The researchers recovered part of the bird’s tail and spine, the pelvis, much of its legs, parts of its arms, and a shoulder blade. To determine its closest relatives, Forster compared it with seven birds and eight dinosaurs, using a computer to calculate the simplest evolutionary pattern that could produce their anatomic similarities. Her analysis showed that the Madagascar bird was nearly as primitive as Archaeopteryx, possibly located on the same side branch of bird evolution.
Forster and her colleagues have named the bird Rahonavis ostromi. Rahona is a Malagasy word, says Forster, with a double meaning: ‘cloud’ and ‘menace.’ We thought it was a good name for a flying killer.
Forster also honored Ostrom with the name because the fossil further supports the bird-dinosaur connection. Although most paleontologists subscribe to Ostrom’s ideas today, there are critics. Some argue that dinosaurs lost their fourth and fifth fingers while birds are missing their first and fifth. Still others have looked at dinosaur fossils found recently in China and have argued that they had crocodile-like lungs radically unlike those of birds.

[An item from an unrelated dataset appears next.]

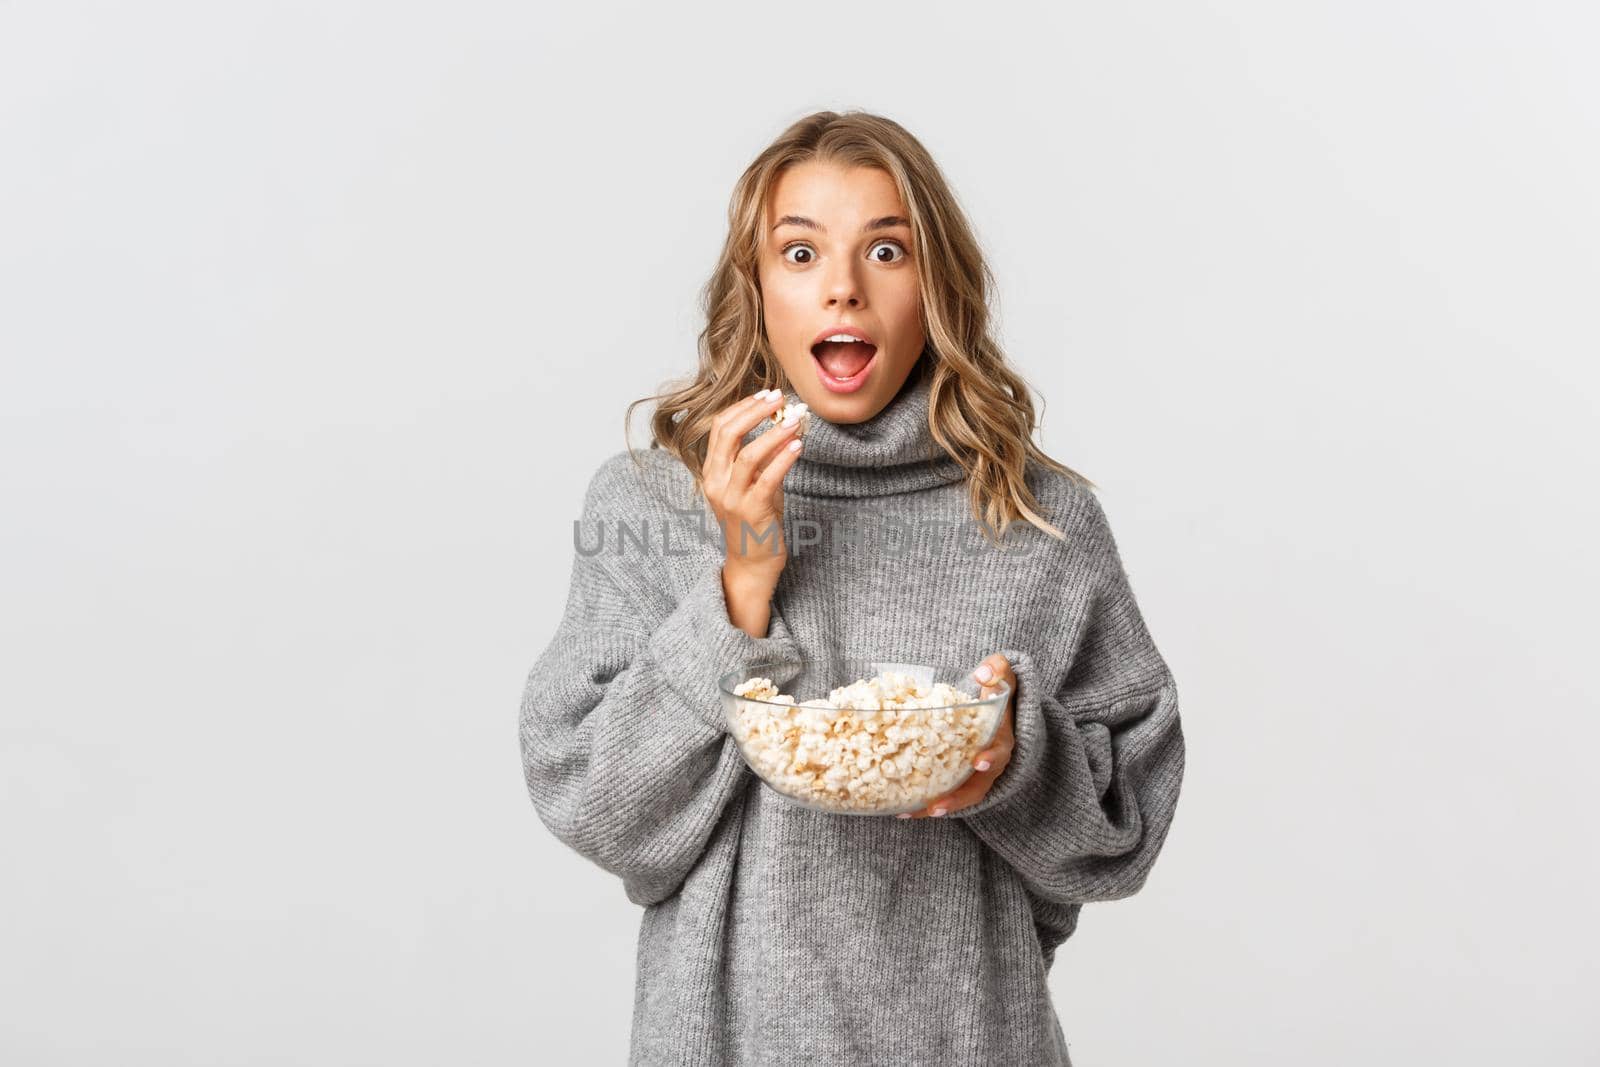 Image of amazed blond girl watching movie, looking excited, eating popcorn, standing over white background.
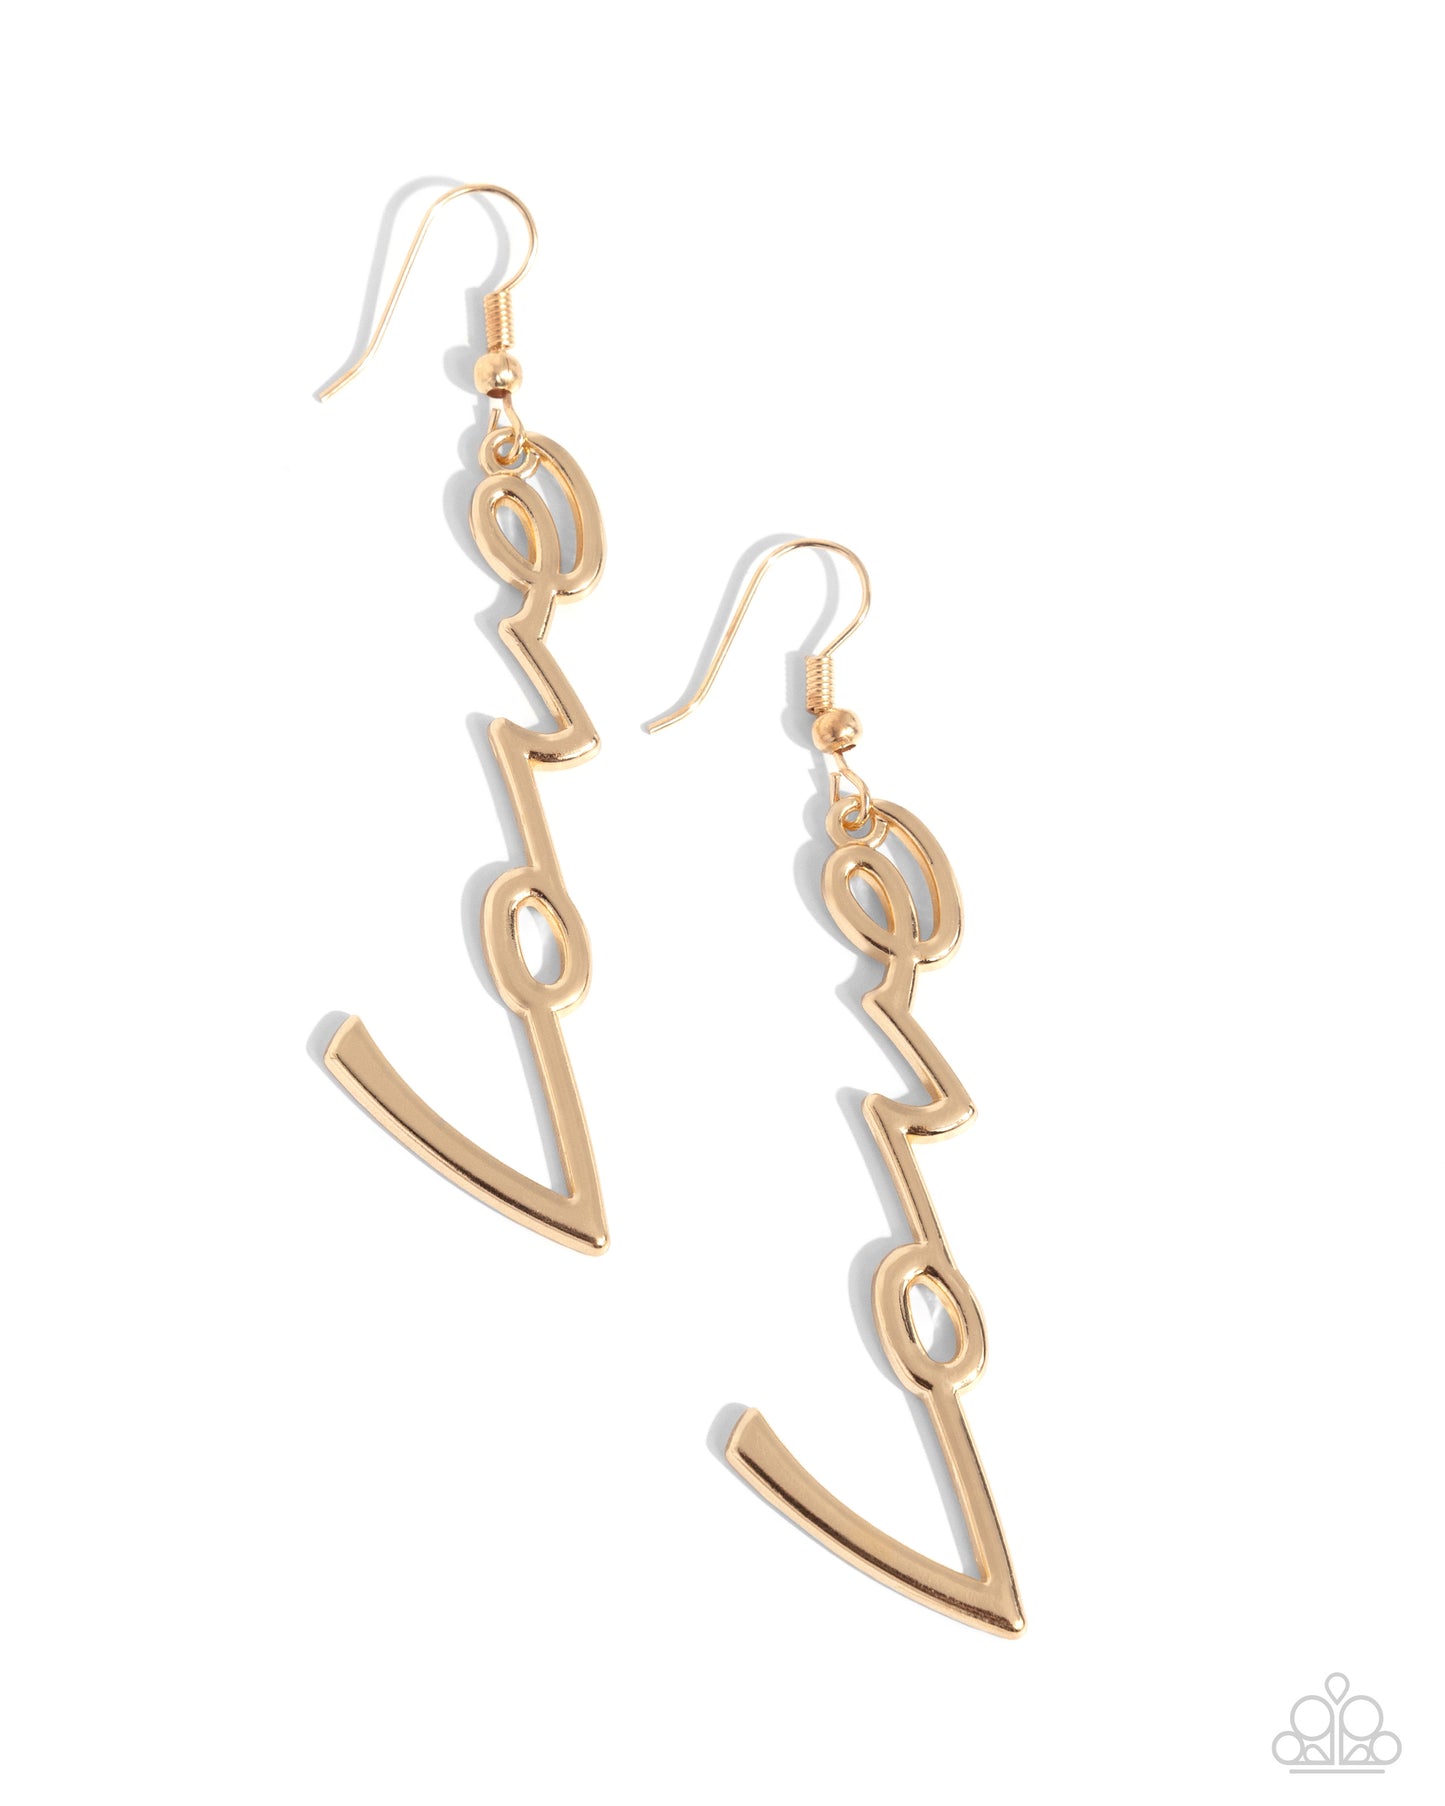 Light-Catching Letters - Gold "LOVE" Paparazzi Earrings

Yet to Forster and others, the many primitive bird and birdlike dinosaur fossils found recently in Spain, China, and Argentina bolster Ostrom’s theory. Rahonavis, says Forster, is a particularly strong link in the chain. It’s a primitive bird, it looks almost exactly like Archaeopteryx, and it has a dromaeosaur foot, which is a pretty clear link to its dinosaur origins.